__Exercise prompt__.
Copy each line of the data below exactly, leaving out pictures.

__Information shown__.
- - - -

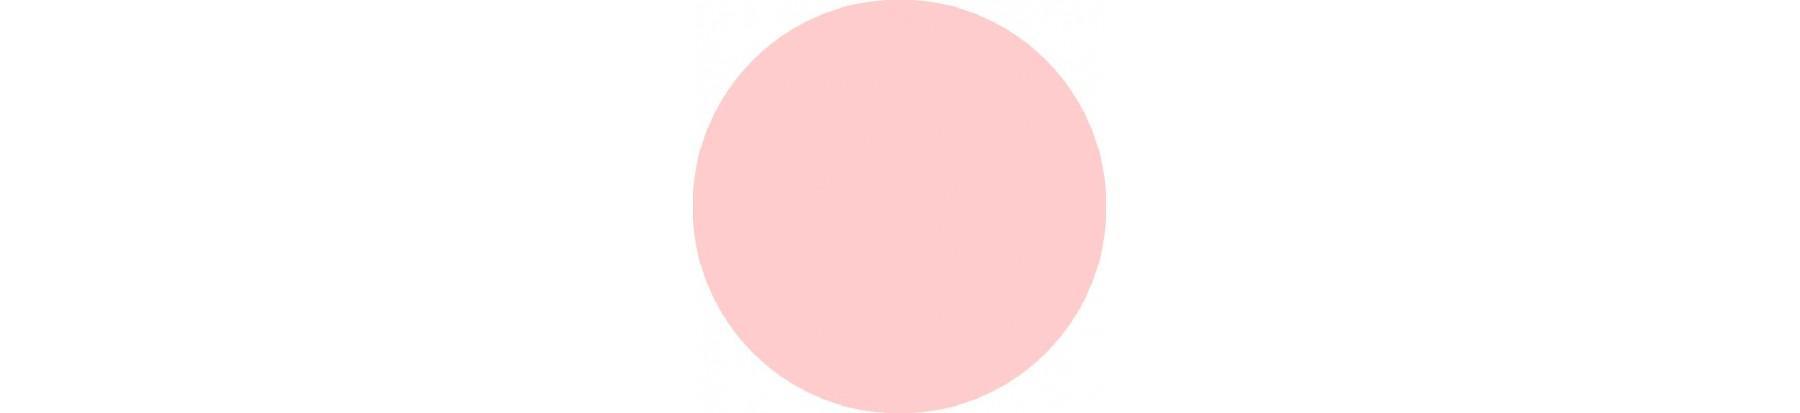 Розовые тени
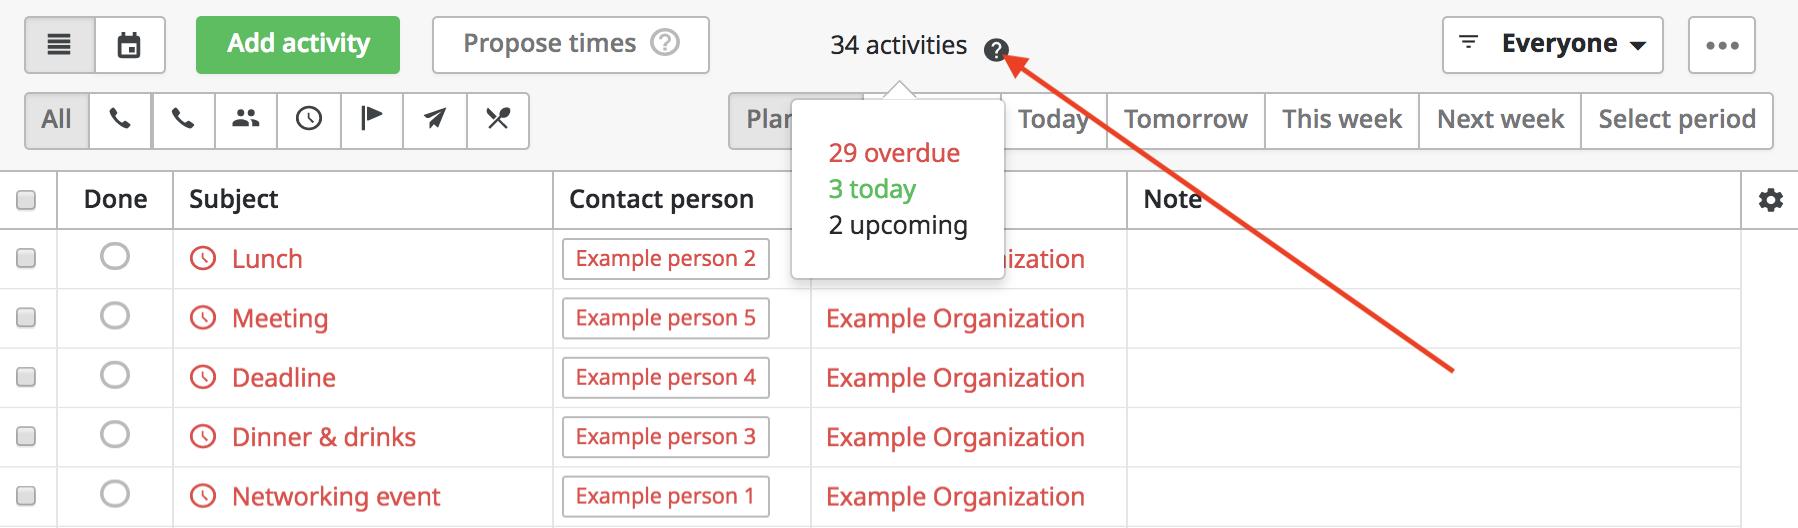 activity_update.png
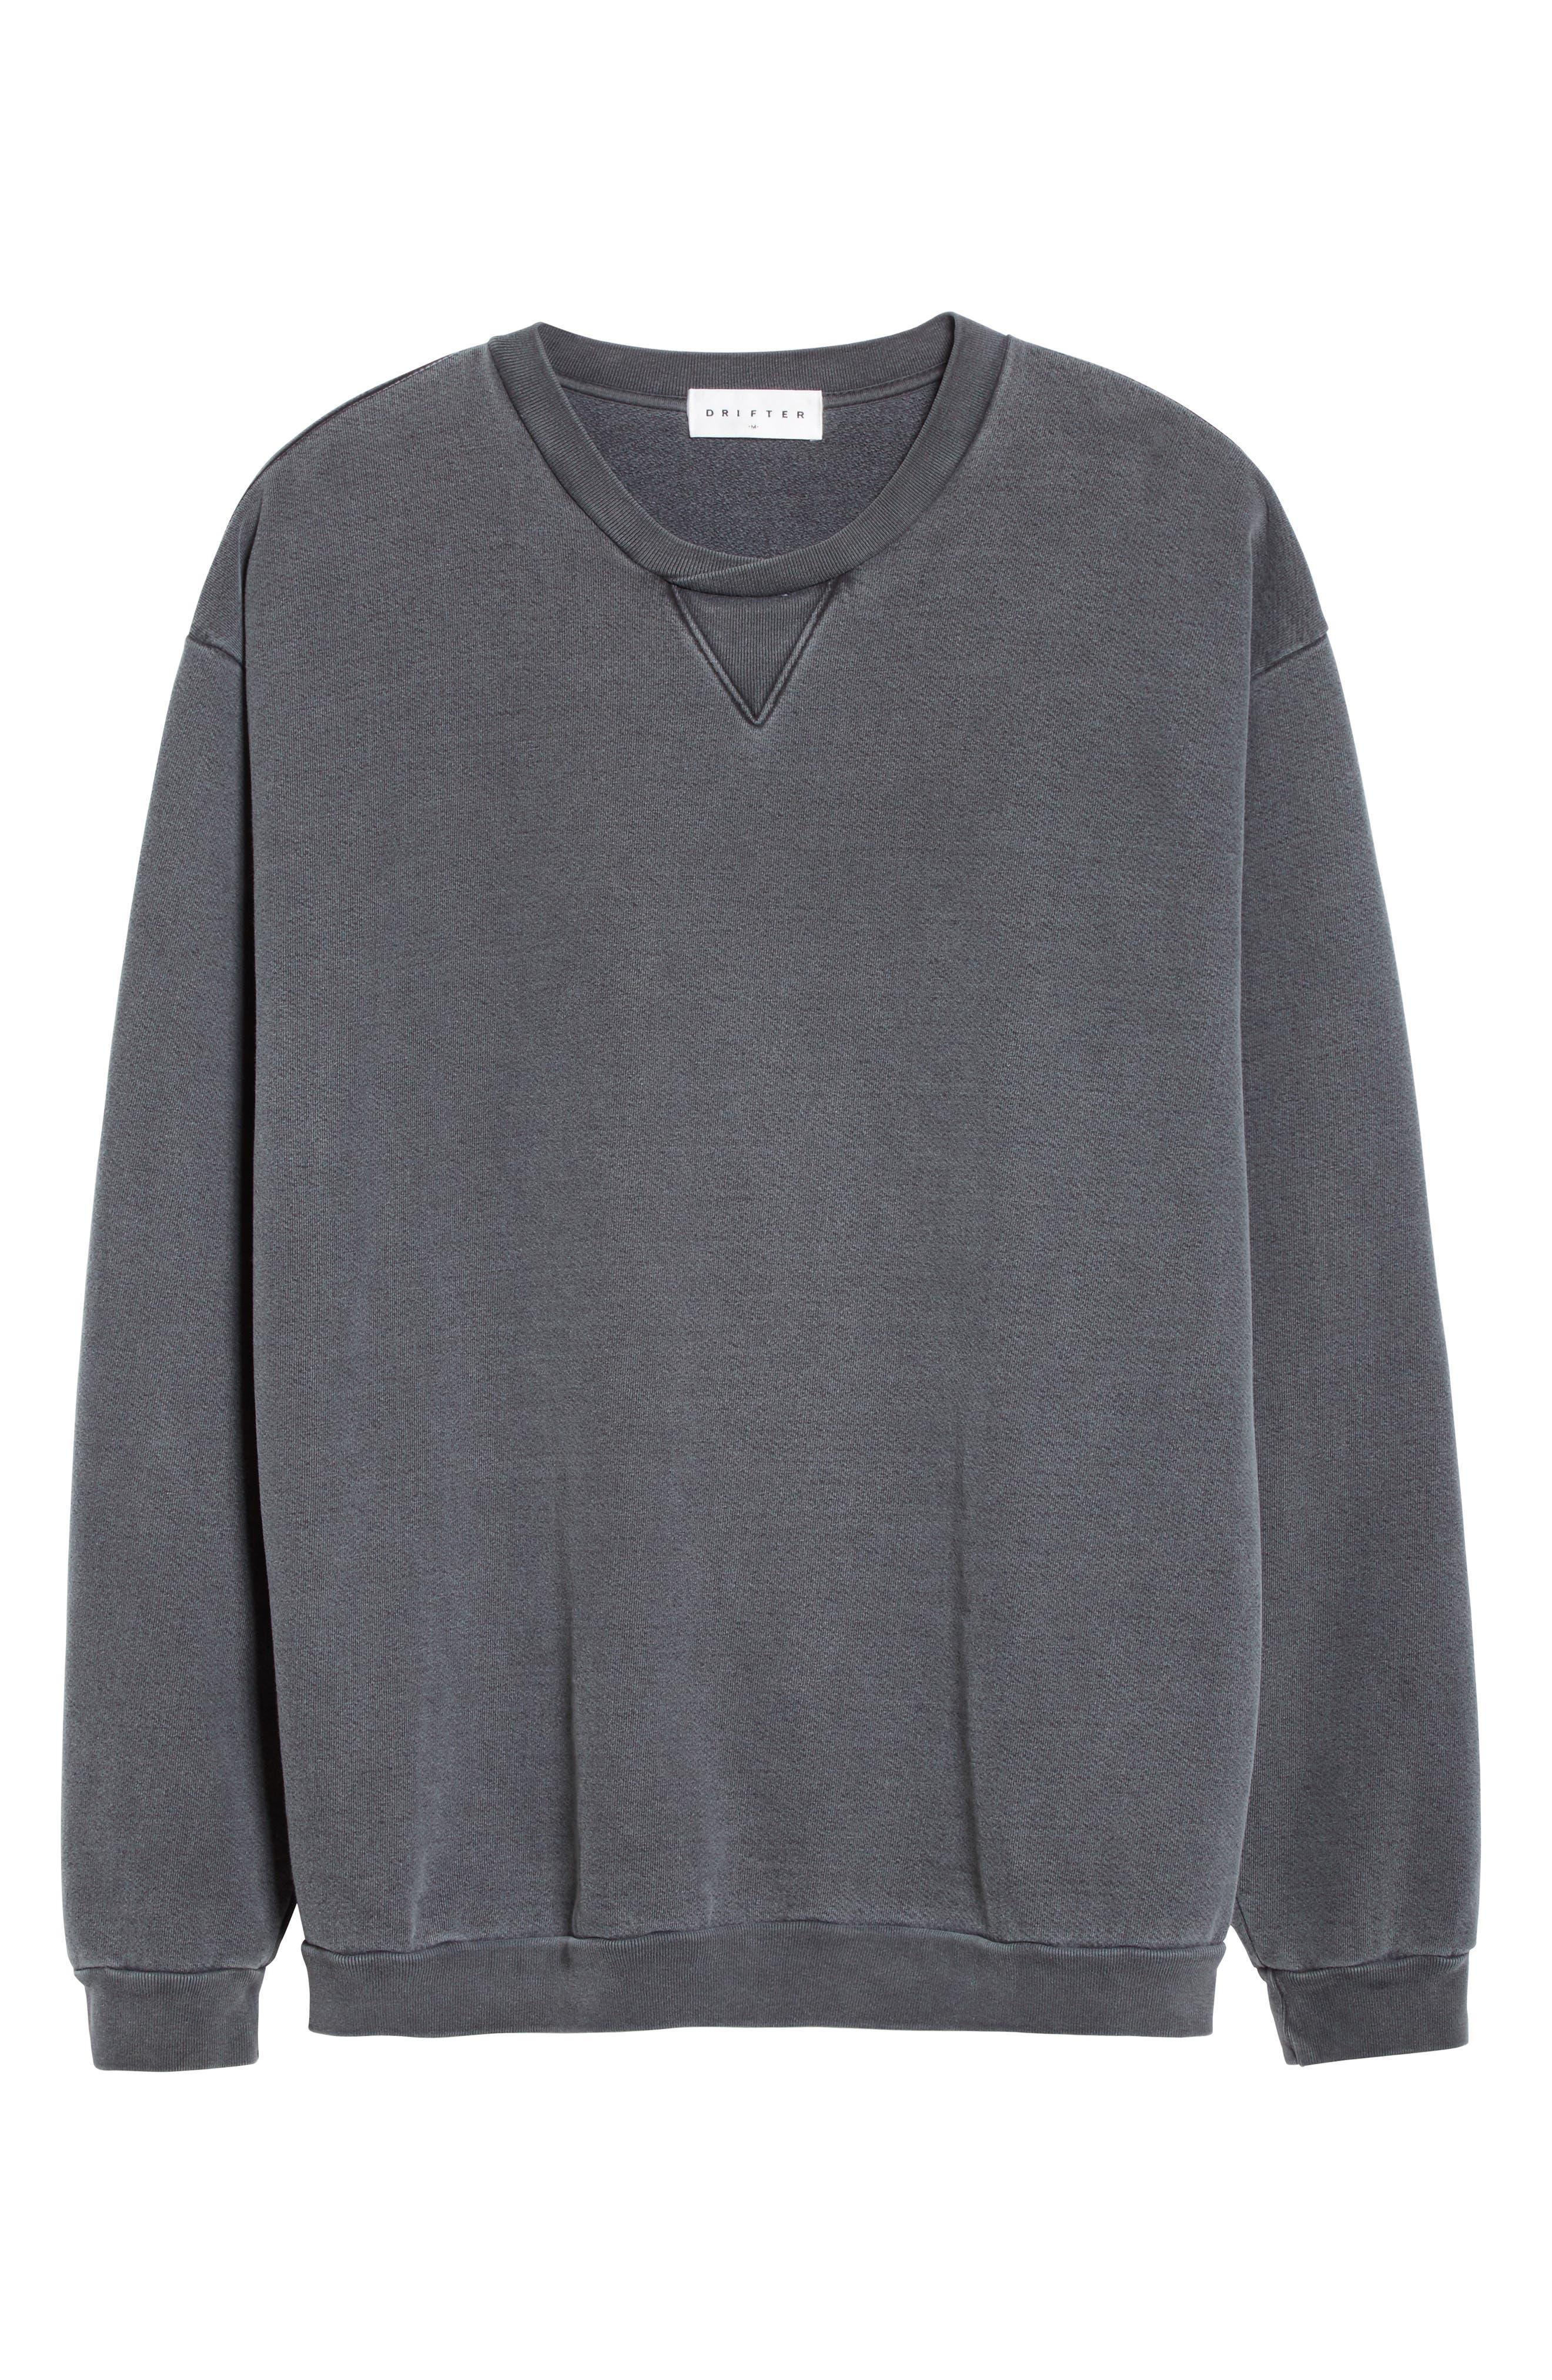 Norton Sweatshirt,                             Alternate thumbnail 6, color,                             Black Pigment

- - - -

__Task result__.
 Розовые тени
 activity_update.png
 Norton Sweatshirt,                             Alternate thumbnail 6, color,                             Black Pigment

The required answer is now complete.